Истовая жанровая гибридность и оркестровая звонкость «Похищения» стали логичным выбором для Синьковского, известного принципиальной бодростью и скоростью музыкальных интерпретаций как в ансамблевые времена, так и в новейшей ипостаси музикдиректора. К тому же новые нижегородцы как приверженцы старой пермской модели и наследники Курентзиса с его знаменитой «моцартовской трилогией» словно обязаны были представить собственного Моцарта. Но выбрали не магистральное название, а редкий для России и окраинный для популярной моцартовской хрестоматии зингшпиль. Разумно полагая, что свободная фантазия, кажущееся демократическое простодушие и ласковое хулиганство «Похищения» позволят раскрыть нижегородские возможности с наилучшей стороны.
И действительно, в зале Чайковского без постановочных затей театр Моцарта предстал игристым звуковым коллажем, выдержанным в подтянутых темпах и плотных, чуть монохромных оркестровых красках. Развернутые прозаические сценки-диалоги были сокращены до отдельных реплик, хоры вычеркнуты смелым росчерком концертного пера. И монтажная конструкция приобрела собственный ритм, одновременно пунктирный и довольно ровный, если не считать еле заметных расхождений, таких же, в общем, не фатальных, как интонационные шероховатости в сольных и дуэтных эпизодах, и по-своему укладывающихся в веселый ход зингшпильных безобразий.

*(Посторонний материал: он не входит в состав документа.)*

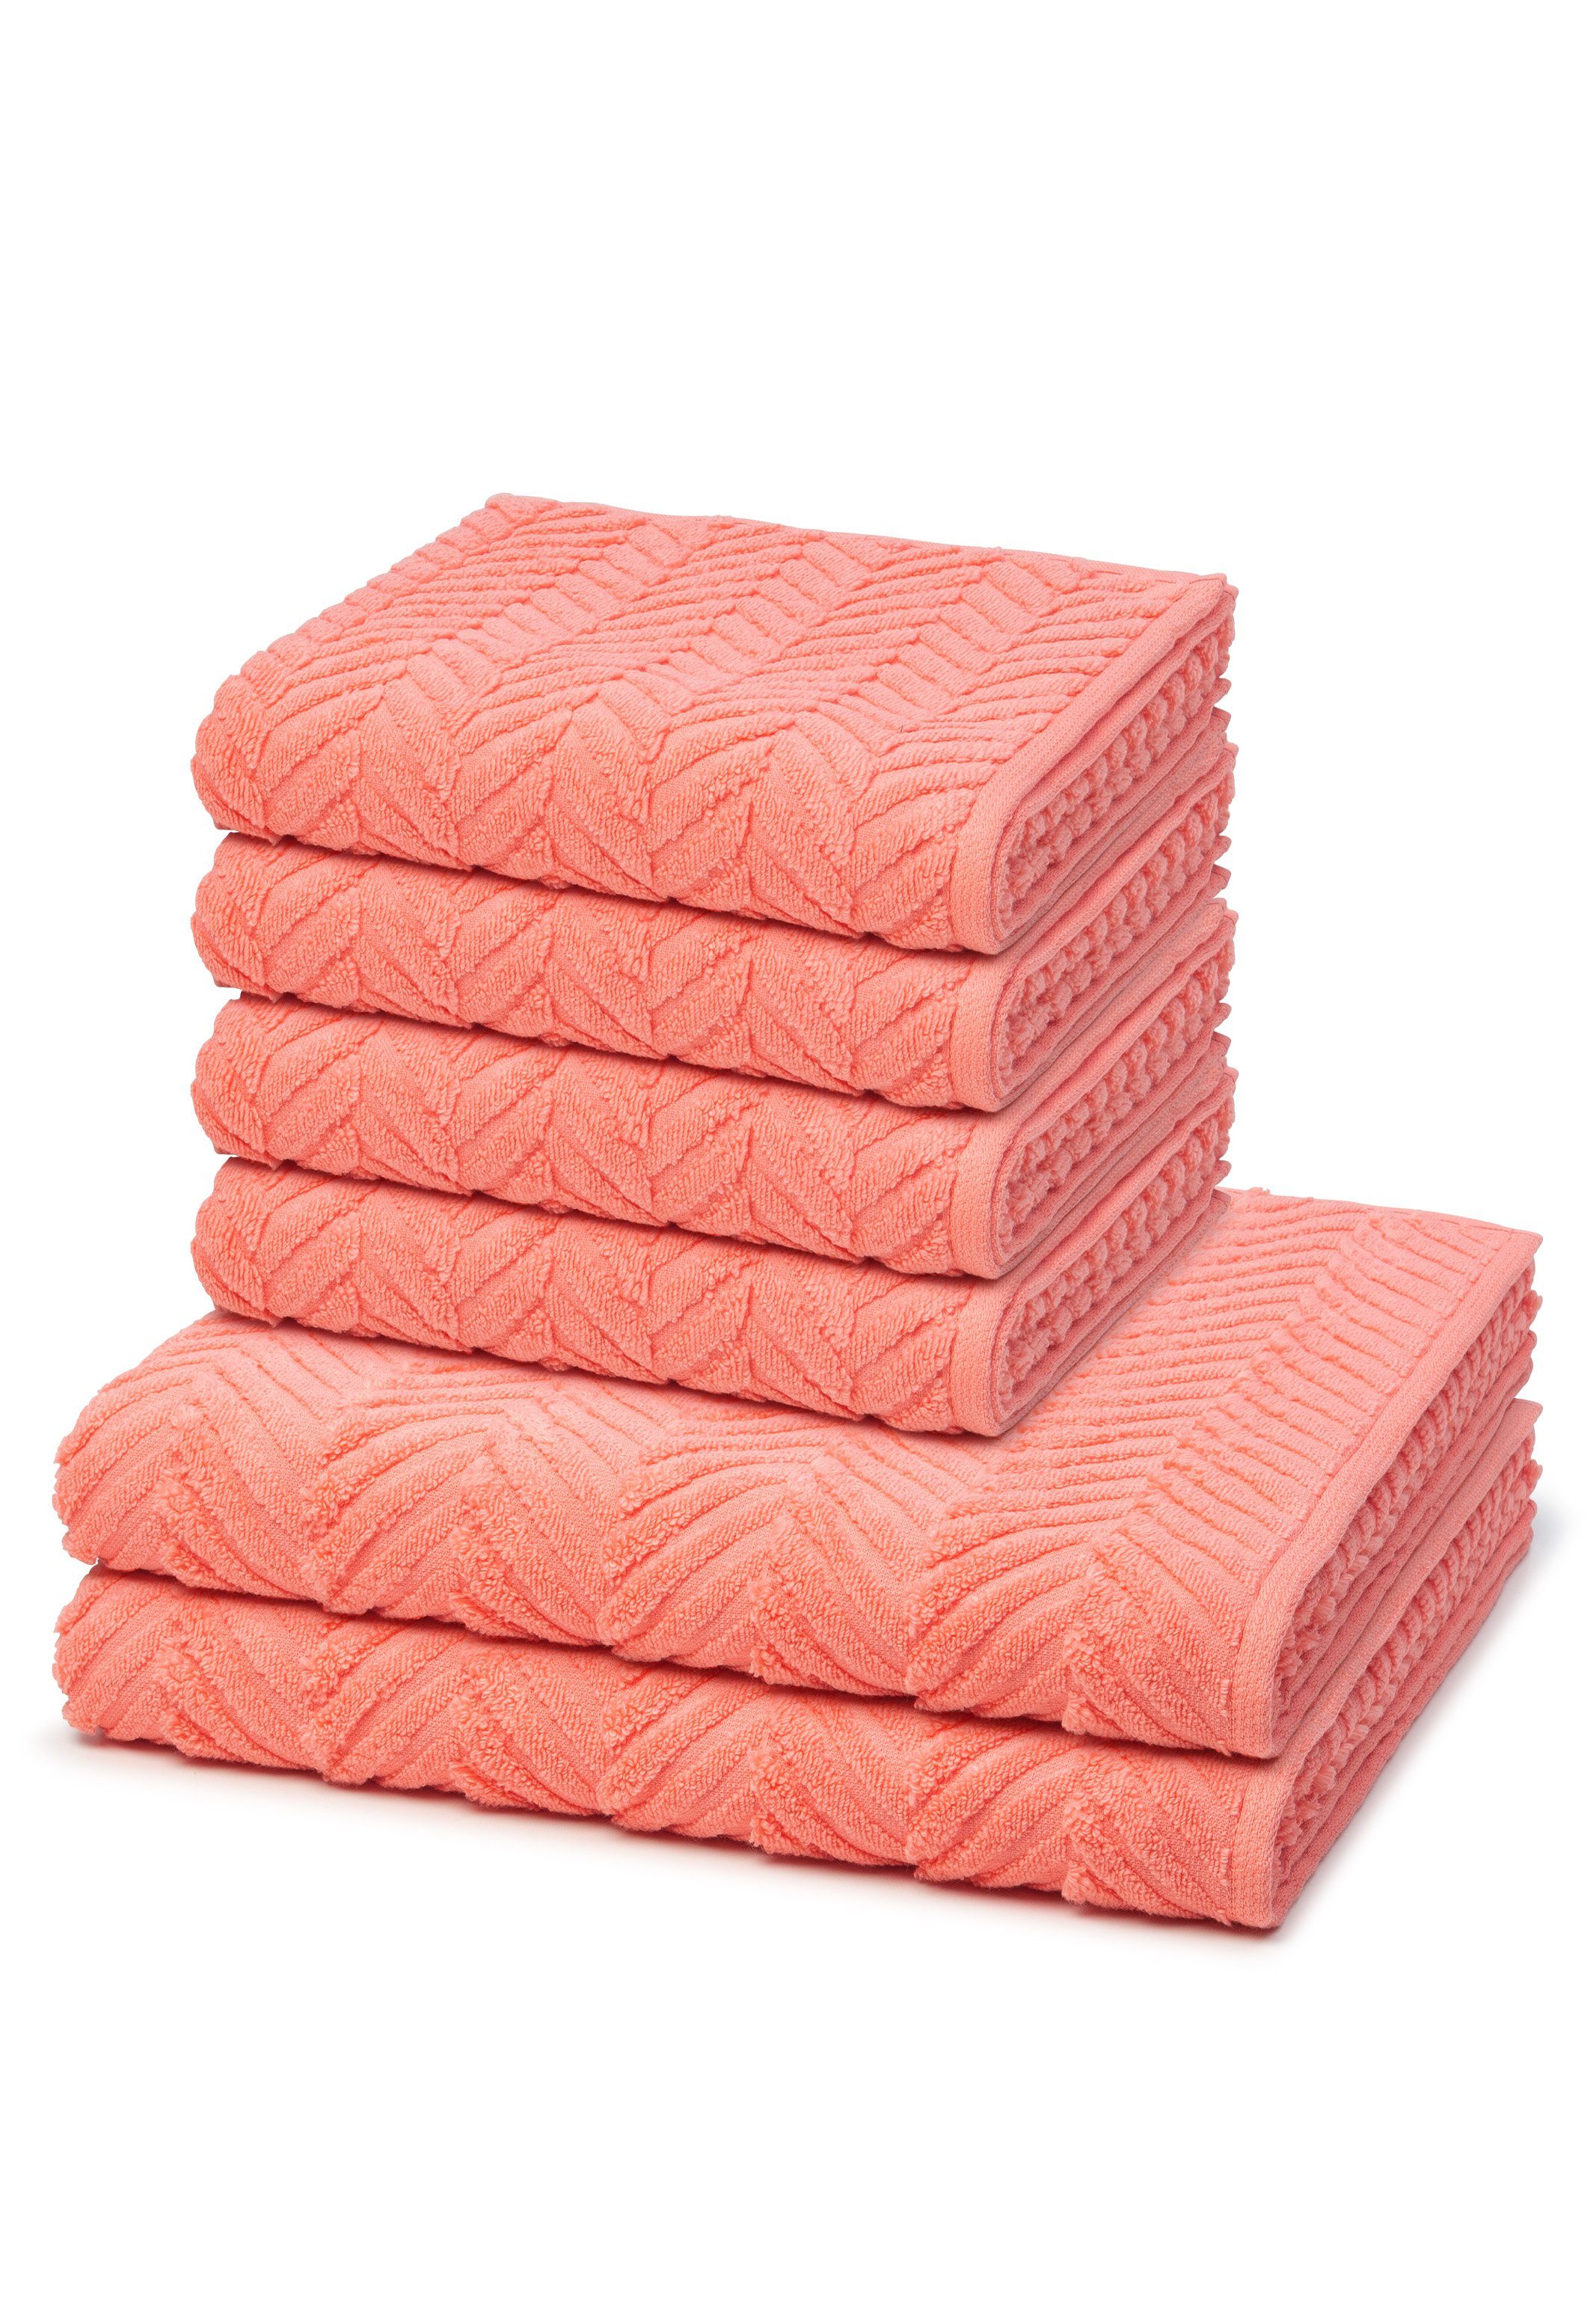 ROSS Handtuch Set Sensual Skin, Walkfrottee, (Spar-Set, 6-tlg), 4 X Handtuch 2 X Duschtuch im Set - Baumwolle - Schnelltrocknend Peach Pink

Азартный тонус явно преобладал над пафосом тонких деталей. Впрочем, баланс успешно корректировала фирменно утонченная Надежда Павлова в главной партии похищенной испанки Констанцы, в свою очередь похитившей сердца сразу двоих похитителей, одного настоящего (мудрого турецкого паши Селима, чьей пленницей мы застаем Констанцу на старте оперных приключений) и одного неудавшегося: Бельмонт, словно Роланд/Руджеро, разыскивает возлюбленную во владениях Селима, то есть бог знает в каких чужестранных краях. В нижегородской версии «Сераля» Павлова раскрывает и длит метафору затерянного острова с его пленниками и волшебниками так органично, нюансированно и легко, что ненадолго мы забываем, где мы — в ландшафтах Моцарта или на музыкальной карте Генделя. Градуированное пианиссимо, истонченная фразировка и мягкое темное форте в центральной арии «Martern aller Arten» проводят слушателя по тонкой грани между стилями и снова ставят на землю, где ловкий зингшпиль крепко стоит на своих янычарских ногах. Темные краски павловской палитры оттеняли в Москве искристое и опрятное сопрано Галины Круч — Блондхен, аккуратный комизм Владимира Куклева в роли Педрильо и светлый тембр голоса Сергея Година — Бельмонта: в нем раскрывается поэтично-рыцарская стать. Другой герой на темном полюсе — Гарри Агаджанян. Его Осмин (одновременно аватар и альтер эго невидимого Селима, чьи конферансы публика слышит через динамики) подкупает заправским артистизмом, уверенной подвижностью и притягательной вокальной театрализацией. В концертной версии нижний регистр исполнителя отчасти скрыт плотным звучанием оркестра, но в театральной ситуации баланс будет другим, что может чуть добавить инструментальным краскам призрачности и сыграть на руку герою и всему ансамблю.
Спектакль будет представлен в Нижнем 29 февраля: за режиссуру отвечает Екатерина Одегова, за костюмы — Этель Иошпа, в составах обещаны также Диляра Идрисова, Яна Дьякова и другие. А метафора зачарованного острова, где «аромат Сада любви дурманит, затягивает в объятия» и дарит «миг полета мечты», возможно, раскроется театральными средствами: по крайней мере, постановщики обещают публике «спектакль-грезу».